| Task prompt |
Your answer should be the lines from the one with "La silueta de" to the end of the data below, both included, exact and free of pictures.

| Data provided |

|---|

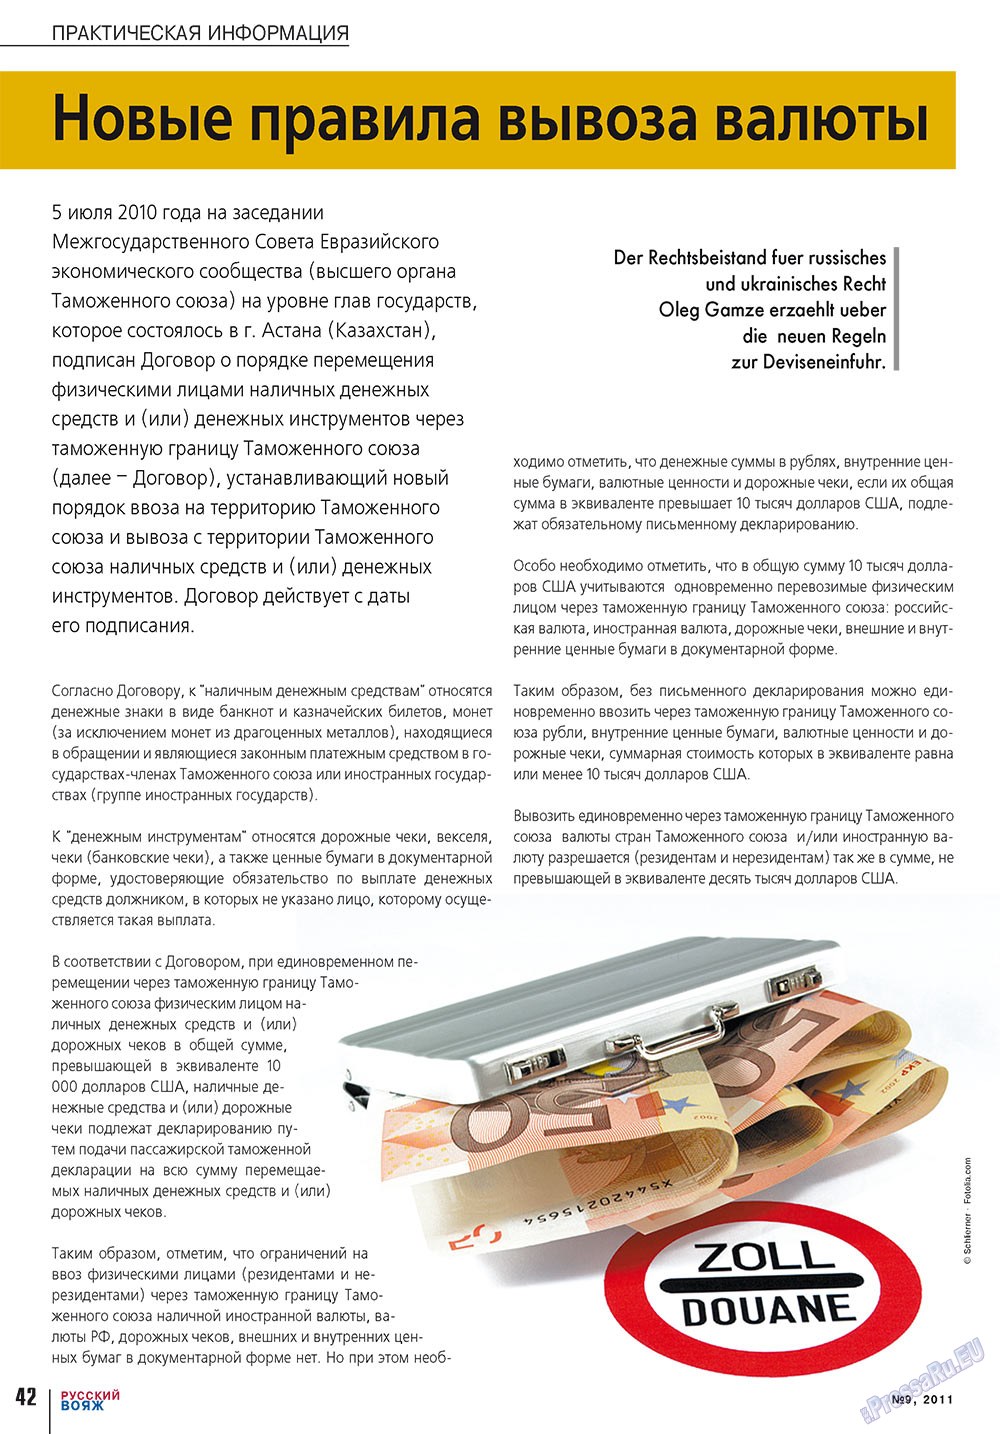 Русский вояж, журнал. 2011 №9 стр.42
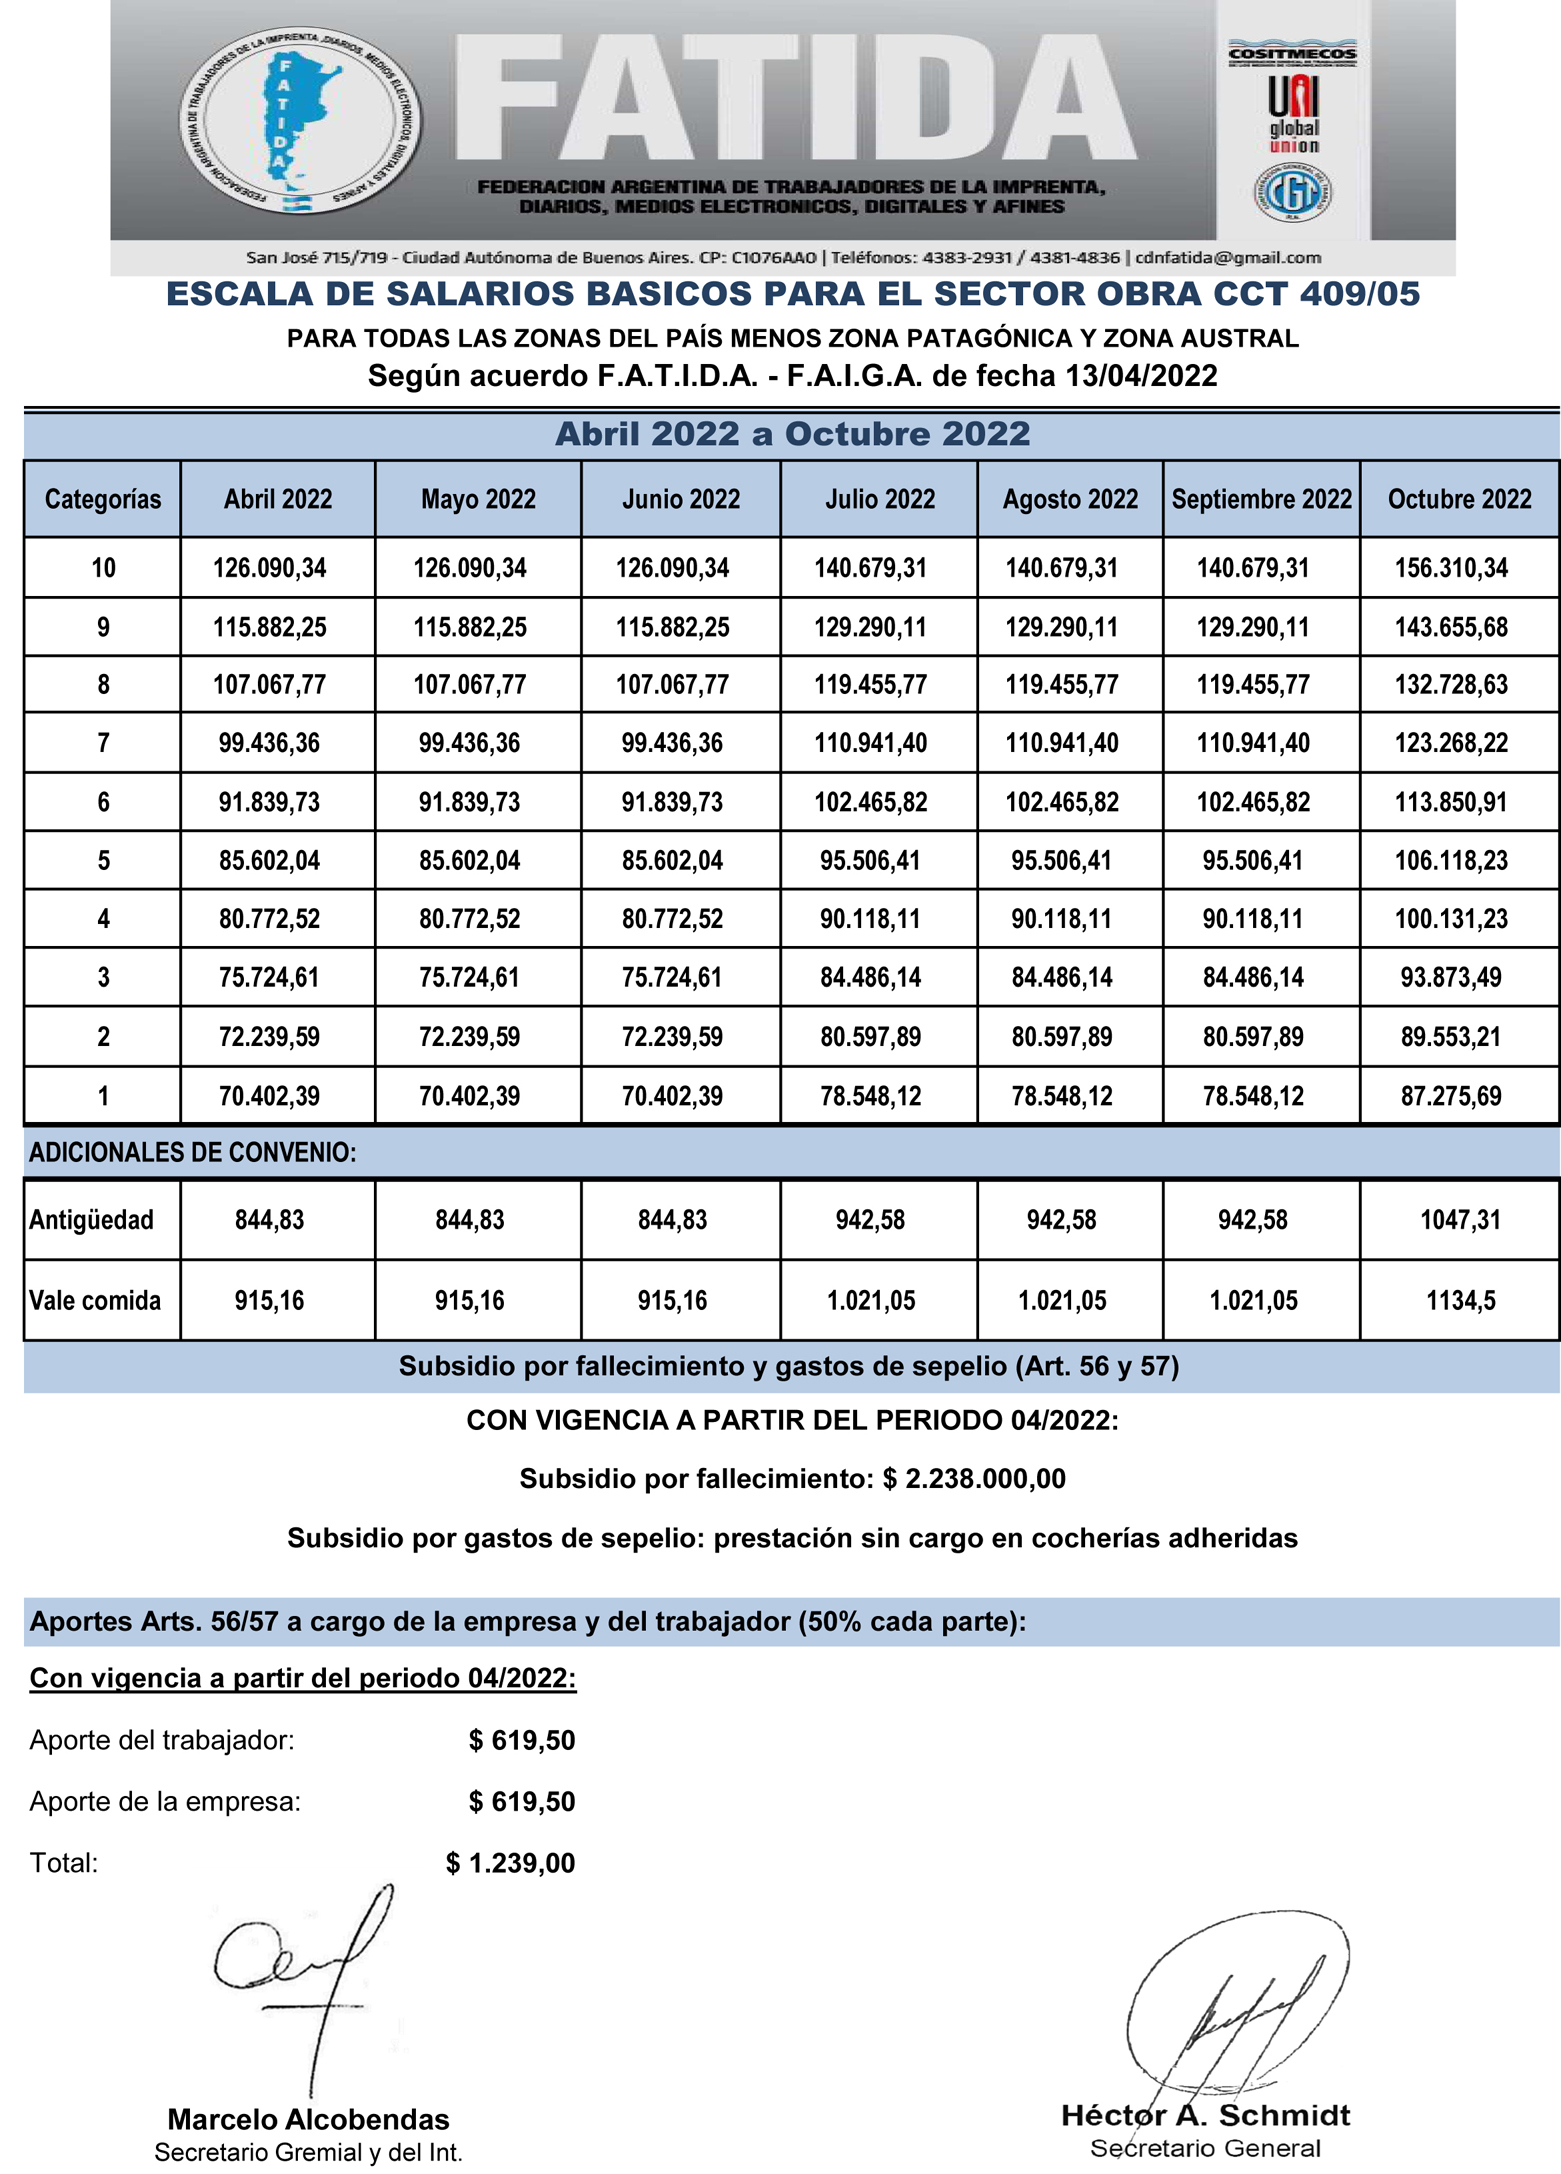 Escala Salarial – Obra – Abril a Octubre 2022 (Todas las-zonas menos Patagónica y Austral)
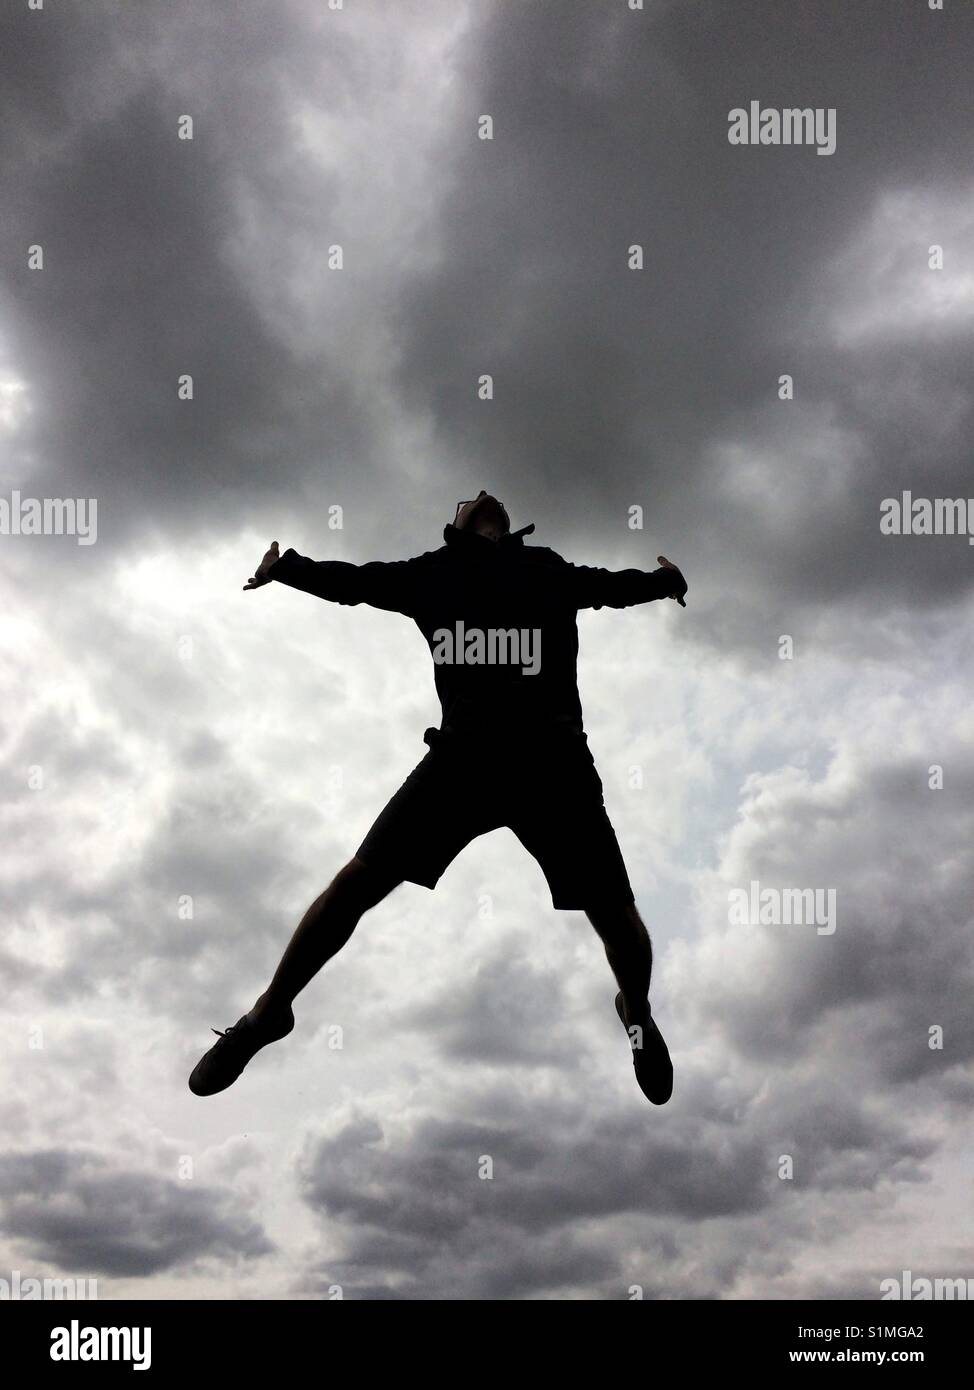 La silueta de un hombre saltando o saltando alto en el cielo para la alegría y la libertad con un espectacular cielo detrás Foto de stock
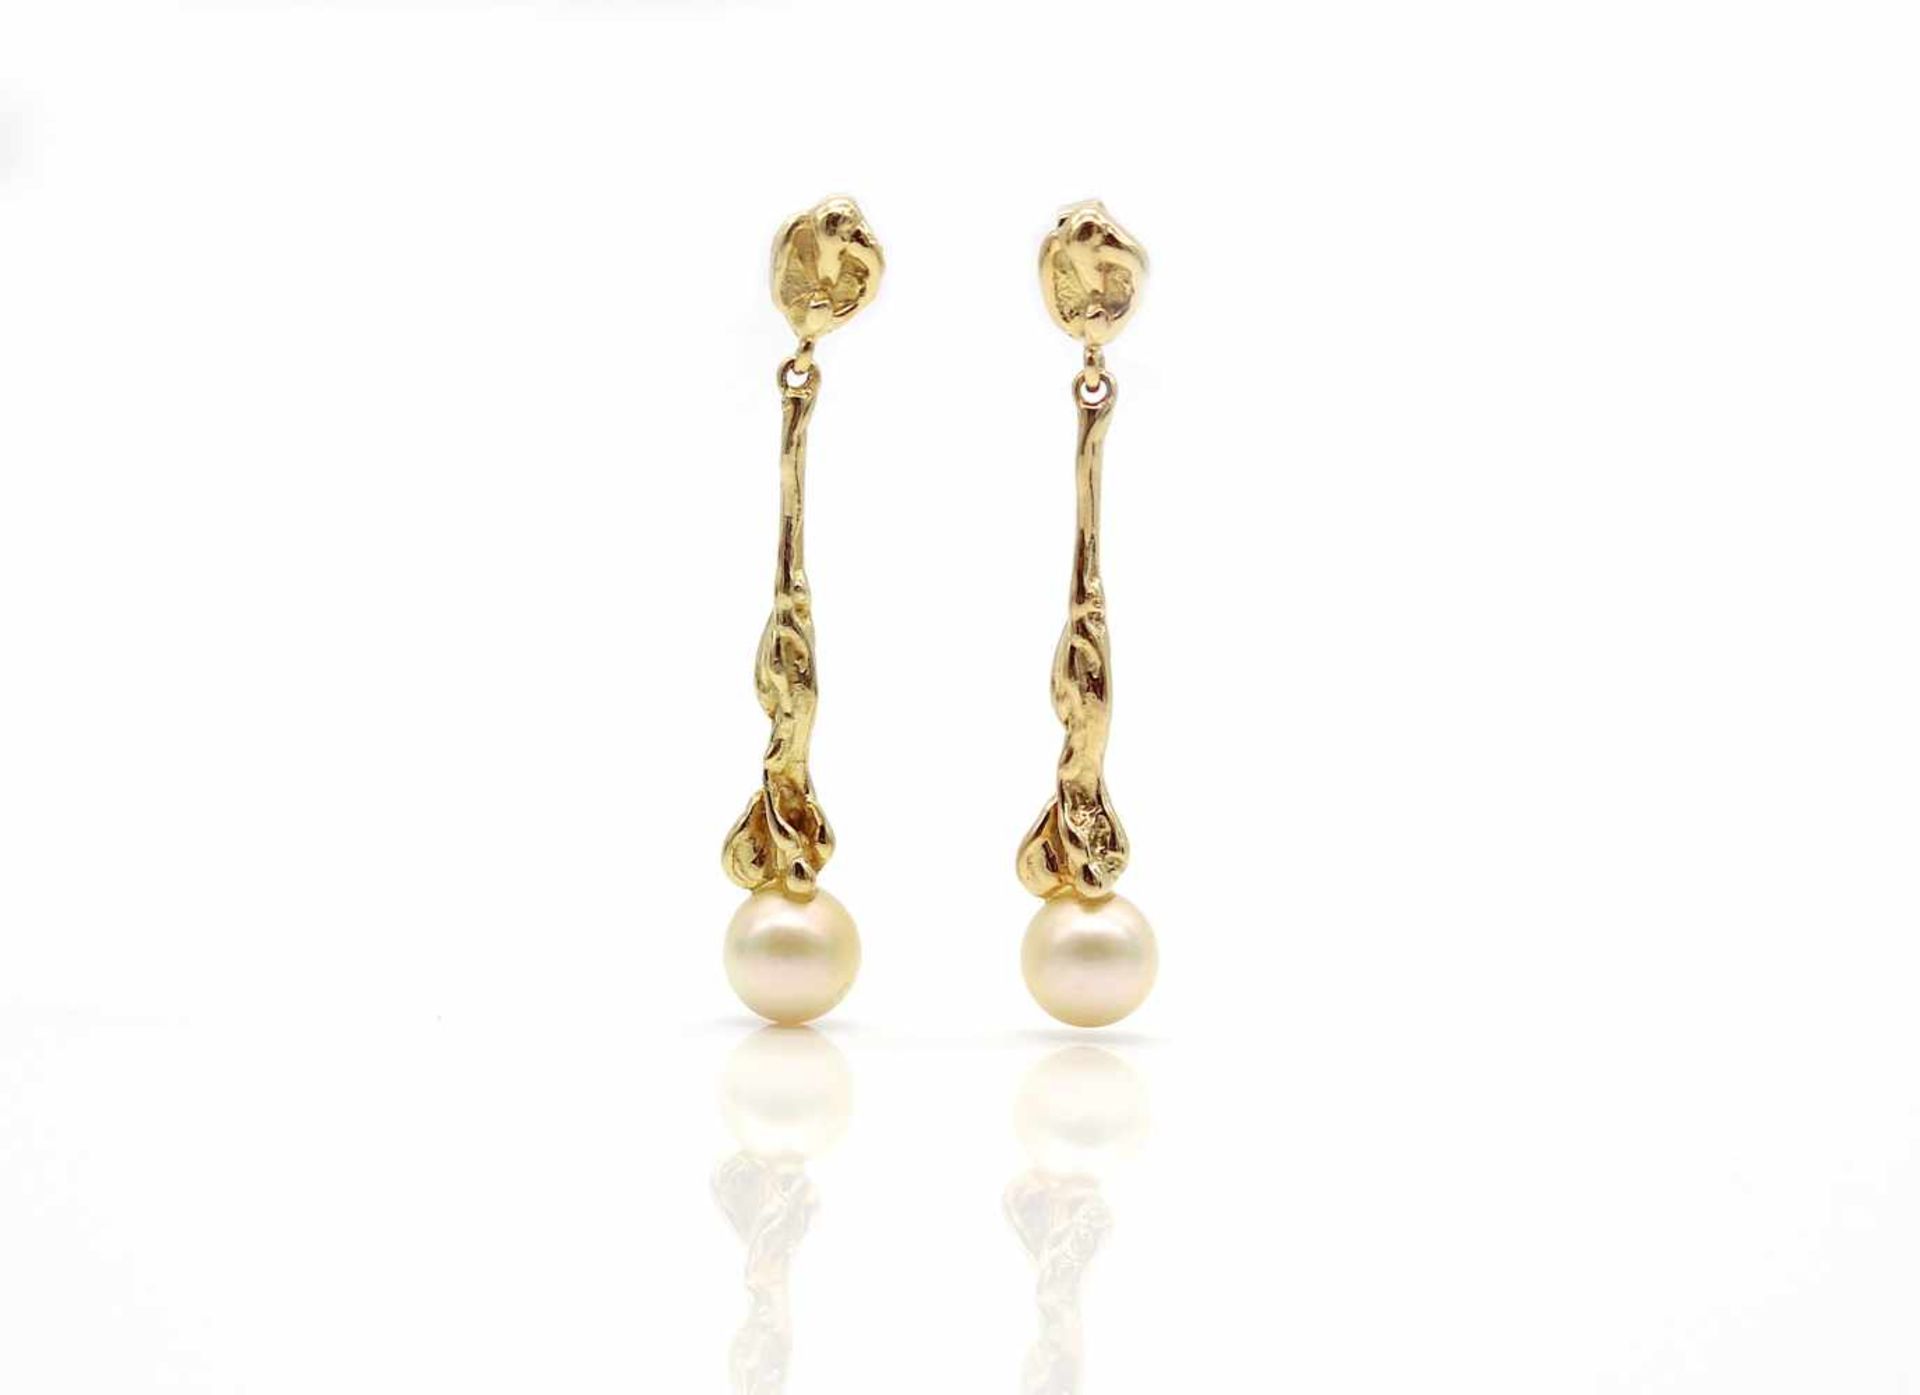 Paar Ohrringe aus 585er Gold mit je einer Zuchtperle Durchmesser 7 mm.Gewicht 5,6 g, Länge 41 mmPair

|---|

| Result of the task |
 La silueta de un hombre saltando o saltando alto en el cielo para la alegría y la libertad con un espectacular cielo detrás Foto de stock
 Paar Ohrringe aus 585er Gold mit je einer Zuchtperle Durchmesser 7 mm.Gewicht 5,6 g, Länge 41 mmPair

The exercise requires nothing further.